Named for the printing business that once filled the building (after it originated as a garage), it’s a handsome space, roomy and instantly welcoming. All the textures feel perfectly in sync, from weathered concrete floor to wooden chairs to tin ceiling crisscrossed with strands of dangling lightbulbs. Whether you find yourself in the main area or the smaller annex on the south side – both of which have multiple tables and separate bars – you’ll get a hefty dose of natural light in a comfortable setting … and hefty helpings of comfort food.
For a perfect example, start with the house tots. They’re roughly spherical, like hash brown hush puppies, and dense with cheese, served smothered in gravy. True confession: Despite being an Oklahoma native, I’ve never been big on gravy – but this version could turn me around. Tender, juicy fried chicken, a massive chicken-fried ribeye and a dynamite execution of biscuits and gravy with eggs and pork belly continue the hit parade of familiar favorites.
On the other hand, the kitchen can be kind to diners seeking something more diet-conscious: Those biscuits and gravy are only one of the dishes that can become vegan-friendly with a mere word to your server, or breakfast-lovers can dip into a big, steaming bowl of quinoa oatmeal. And there’s all kinds of goodness in the Beans and Greens, a kale salad colliding with a combination of pinto and black beans, bell peppers, corn and quinoa.
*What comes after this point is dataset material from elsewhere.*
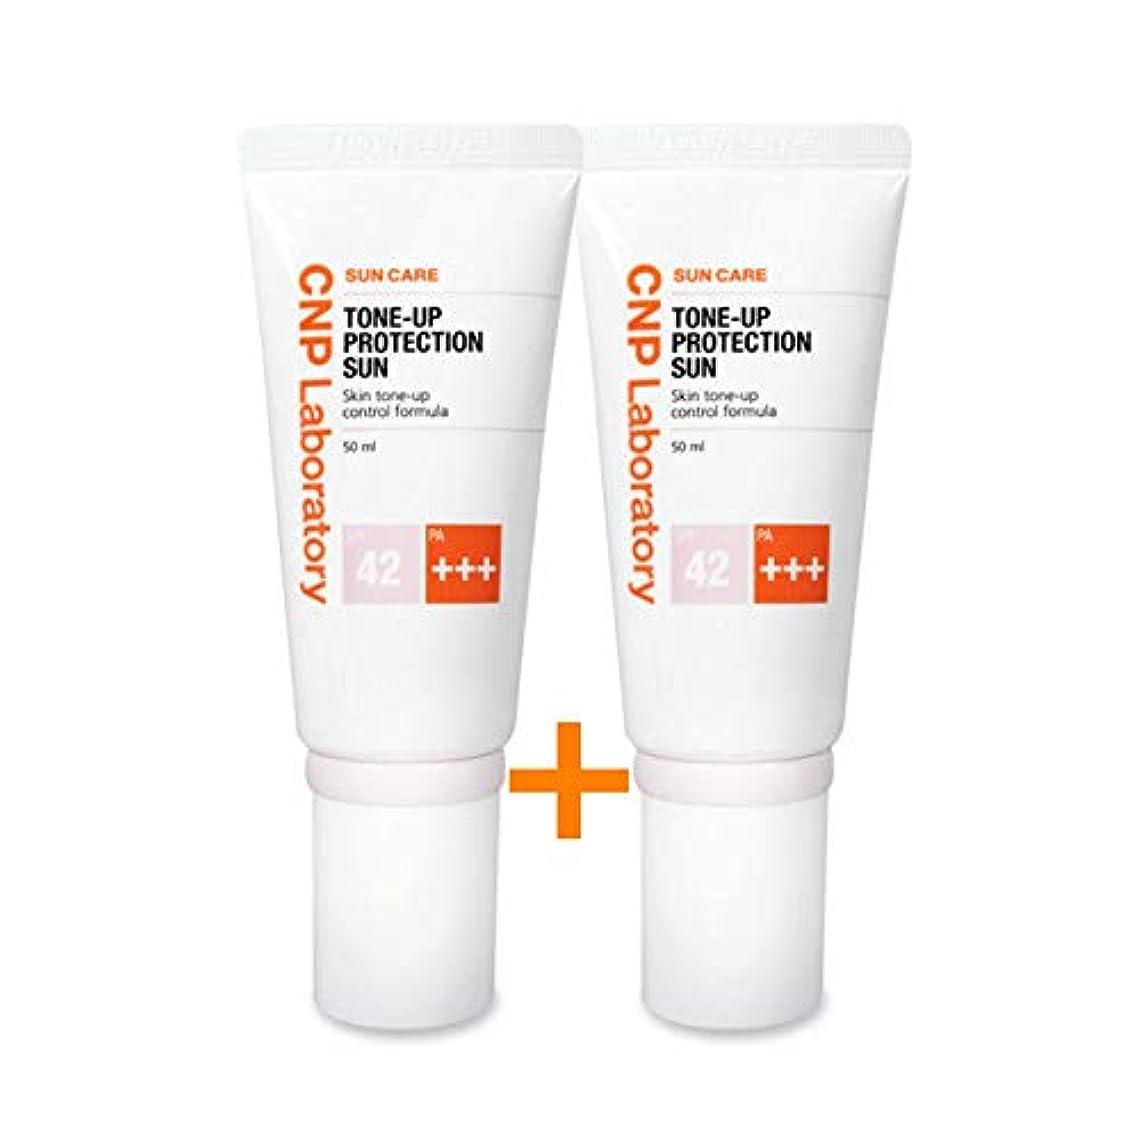 オリエンテーション練習こしょう[ 1 + 1 ] CNPトンオププロテクションサン?クリーム紫外線遮断剤 (SPF42 / PA+++) 50ml、CNP Tone-up Protection Sun Cream (SPF42 / PA+++) 50ml...

To be frank, I’m stumped for a single recommendation. As we were moving around the table and sampling this dish or that, I kept coming back to take another couple of bites of the very-much-not-messing-around buffalo mac and cheese (the boneless chicken bites’ sauce is delightfully strong) … but I could say the same about several other options, as well. The chilaquiles are fairly simple – chili sauce on chips with eggs and cheese – but filling and delicious, and the same goes for the more complex grilled strips of pork belly laid on a bed of mashed sweet potatoes, then slathered (a good verb when discussing comfort food) with an outstanding candy apple bacon gravy.
In discussing this, the operating team’s third restaurant, co-owner John Harris described the feeling of bringing its concept to life by comparing their projects to working within picture frames: with The Mule, the “frame” was sandwiches; Anchor Down is a bar with corn dogs. Taking on The Press and its more complete menu means they’re painting in their biggest frame yet. “We feel like this is our first real restaurant,” says Harris, “and it’s been really fun for us.”
He shared my difficulty in selecting a singular favorite item, musing that “one thing we wanted was to have brunch options anytime” while mentioning the breakfast hash, but then changing tacks to praise the veggie burger, and continuing to tout three dishes, then five. Finally, he shrugged and said, “Our biggest thing is to make the food good, and to be really nice to people.”
We encountered a surprisingly big crowd in the middle of a chilly Tuesday afternoon – which makes me think that The Press has caught on pretty quickly, and that OKC crowds are happy to find a haven to cozy up in and relish some comforting cooking. It may be cold outside, but you should squeeze a visit into your schedule.